All models were tested on 502 random image from kaggle dataset found [here](https://www.kaggle.com/datasets/cyanex1702/cyberversecyberpunk-imagesdataset). Images were resized based on their config files and tested on GeForce RTX 4090 Graphics Card with 24 Gb memory.

## Installation
### Base installation
GenIText is available as a Python package and can be installed easily using `pip`. 
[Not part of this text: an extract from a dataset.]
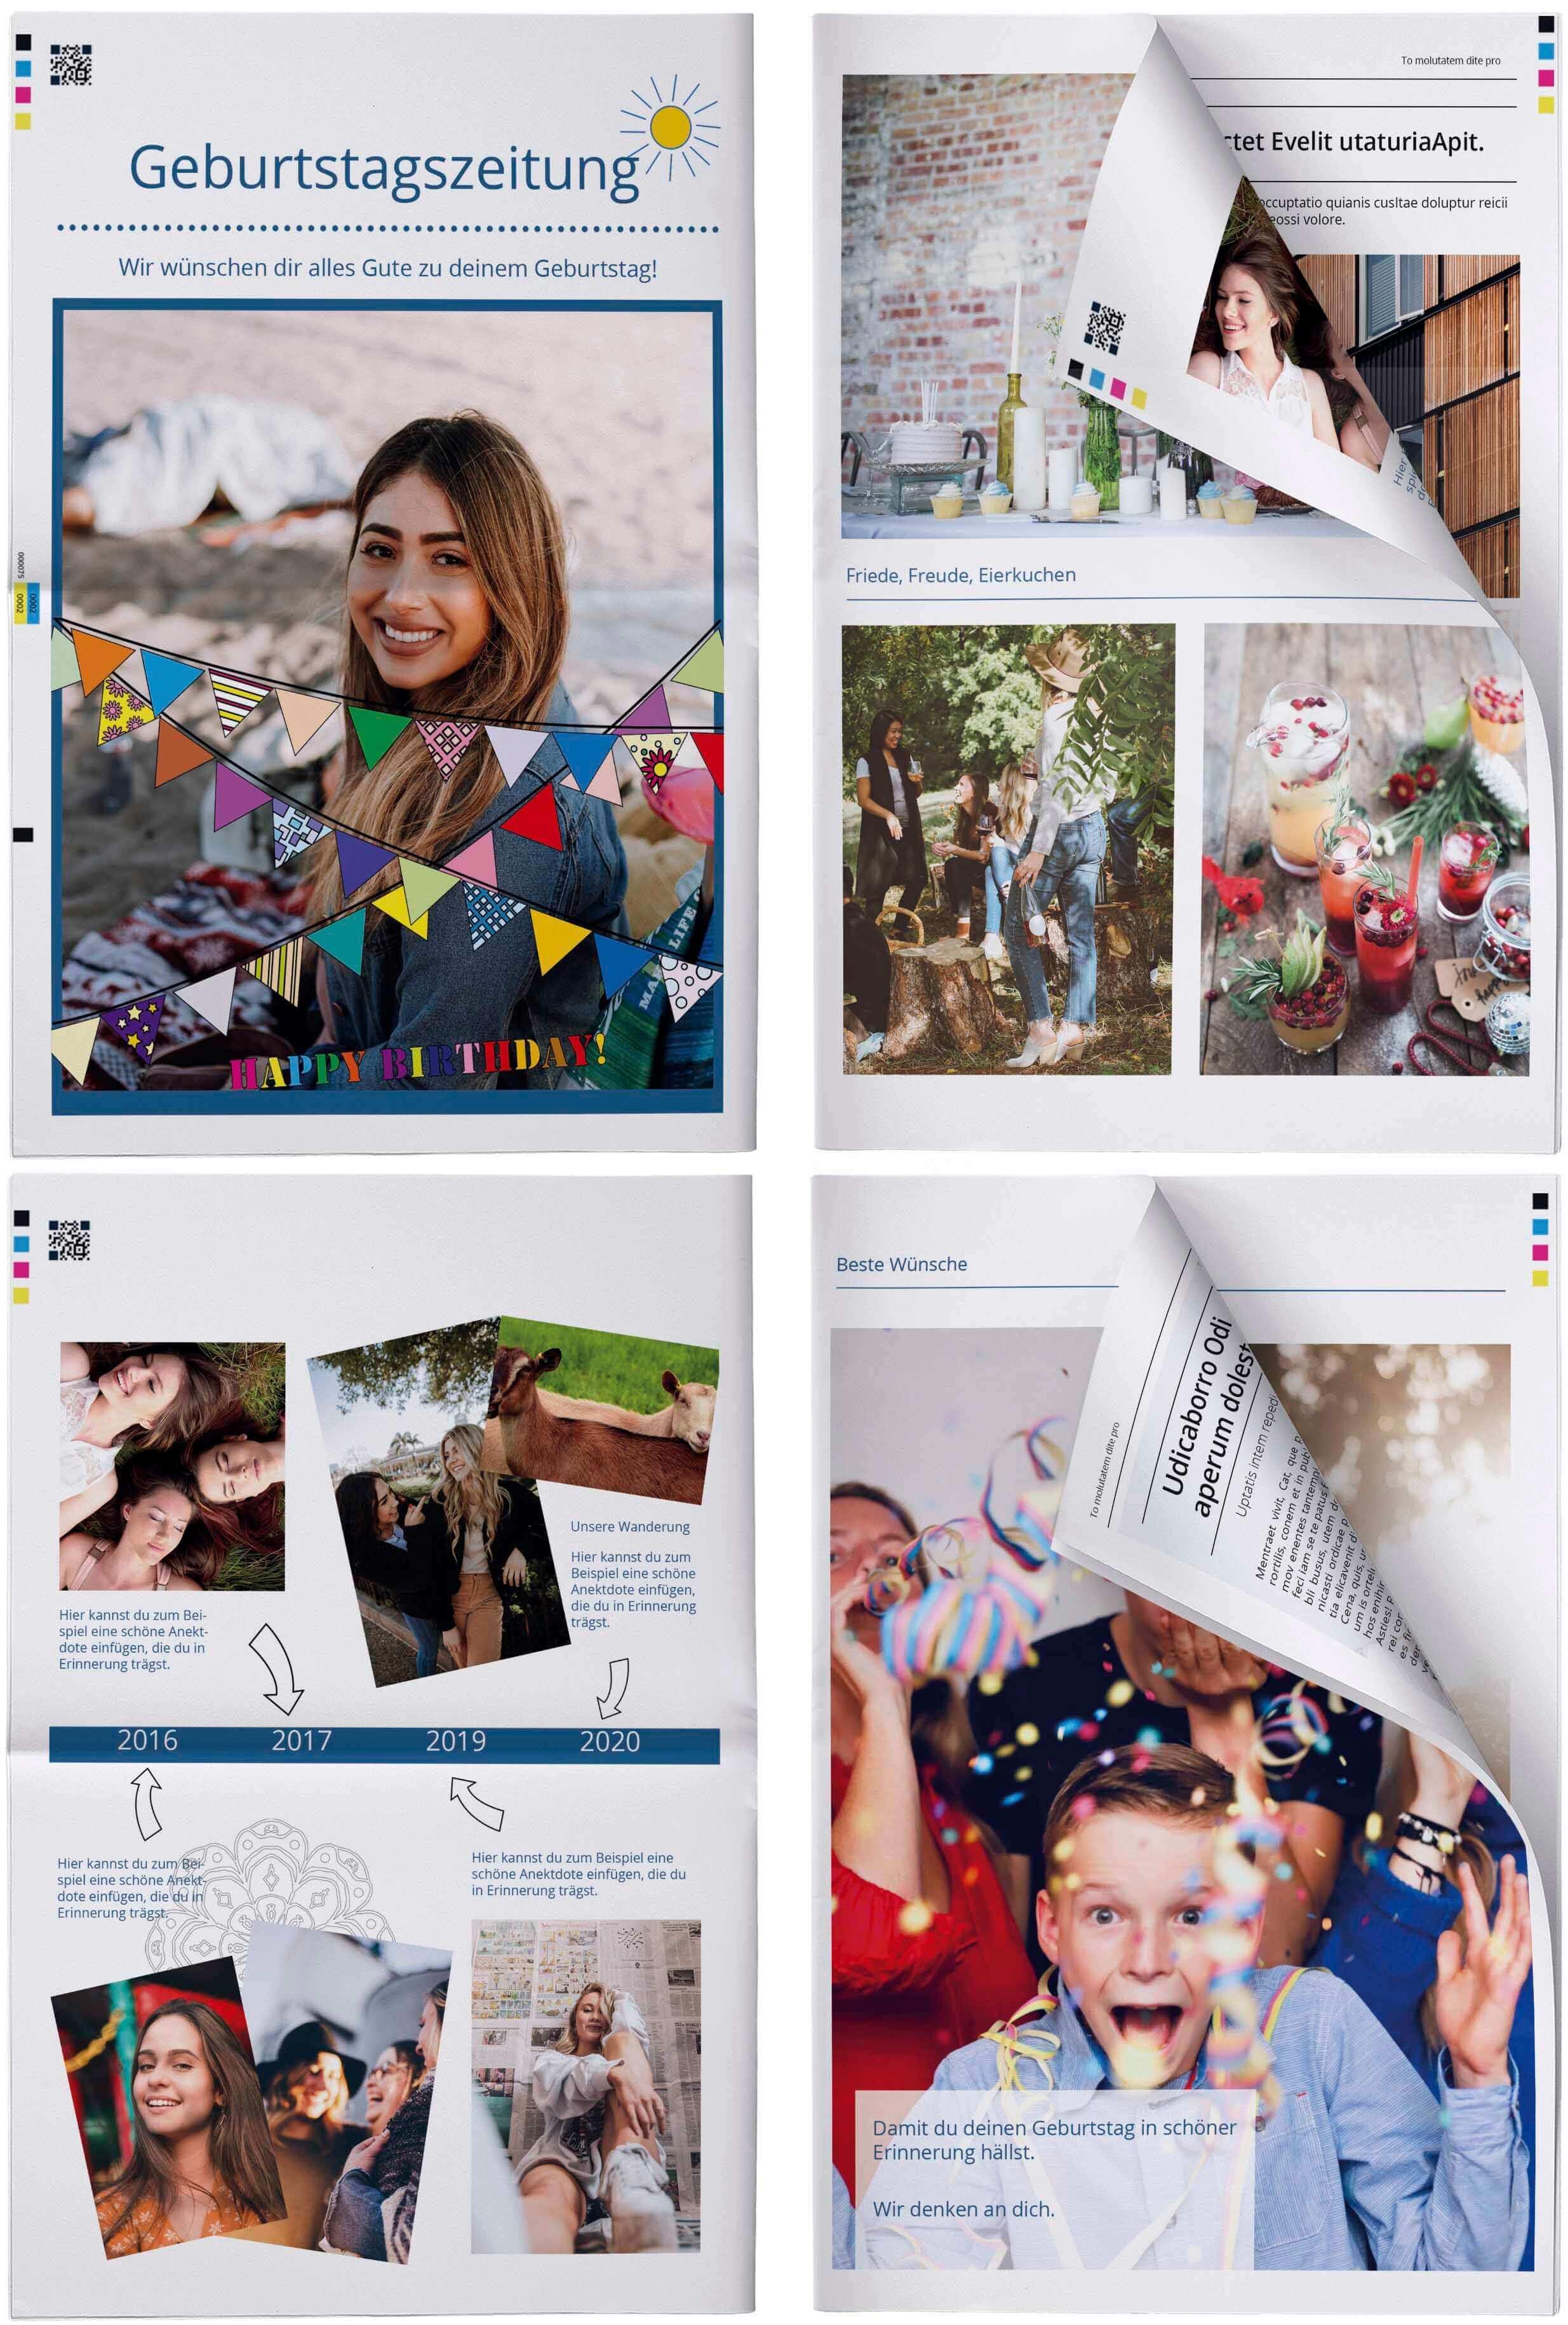 Geschenkzeitung für Geburtstag gestalten

To install GenIText, simply run:
```bash
pip install genitext
```
After installation, you can verify that the CLI tool is accessible by running:
```bash 
genitext --help
```
To initiate the CLI tool, run: 
```bash
genitext
```
### Ollama installation
GenIText incorporates LLMs from Ollama to assist with prompt refinement which means ollama has to be available on the device when running `/refine` in the CLI tool. You can download the software for Mac or Windows OS from [here](https://ollama.com/download/). For Linux OS, you can install directly via the following: 
```bash
curl -fsSL https://ollama.com/install.sh | sh
```
After installing, pull the appropriate LLM you want from ollama to use in `/refine`. Currently, the default config is set to `deepseek-r1:7b` since it offers strong performance with its reasoning capabilities while using relatively manageable memory. You can configure the ollama model with `/config <c_model>`

## Use-cases
### Direct Captioning
Currently, GenIText is enabled to run captioning for a selected directory of images. Output formats can be specified for either `json`, `jsonl`, `csv`, or `img&txt`. The `--format` flag defaults to json if none is specified.

An example would be: 
```bash
/caption /path/to/images --model <c_model> --output /path/to/output --format <output_format>
```
### Prompt Refinement for Captioning
GenIText also offers a prompt-refinement tool for image-captioning models. It's recommended to run `/refine` with 5 - 20 images for prompt refinement. Any set beyond 20 images offers diminishing returns at higher compute time. 

An example would be: 
```bash
/refine "<prompt>" /path/to/images "<Context>" --model <c_model>
```
Ollama is incorporated as the main LLM Judge rather than LLM APIs (e.g. OpenAI, Gemini, Anthropic) since it's free and offers sufficient performance for handling prompt refinment. The significant tradeoff is that `/refine` is dependent on local hardware and chosen LLM for compute time, taking 5 - 10 mins for 5 generations of refinment.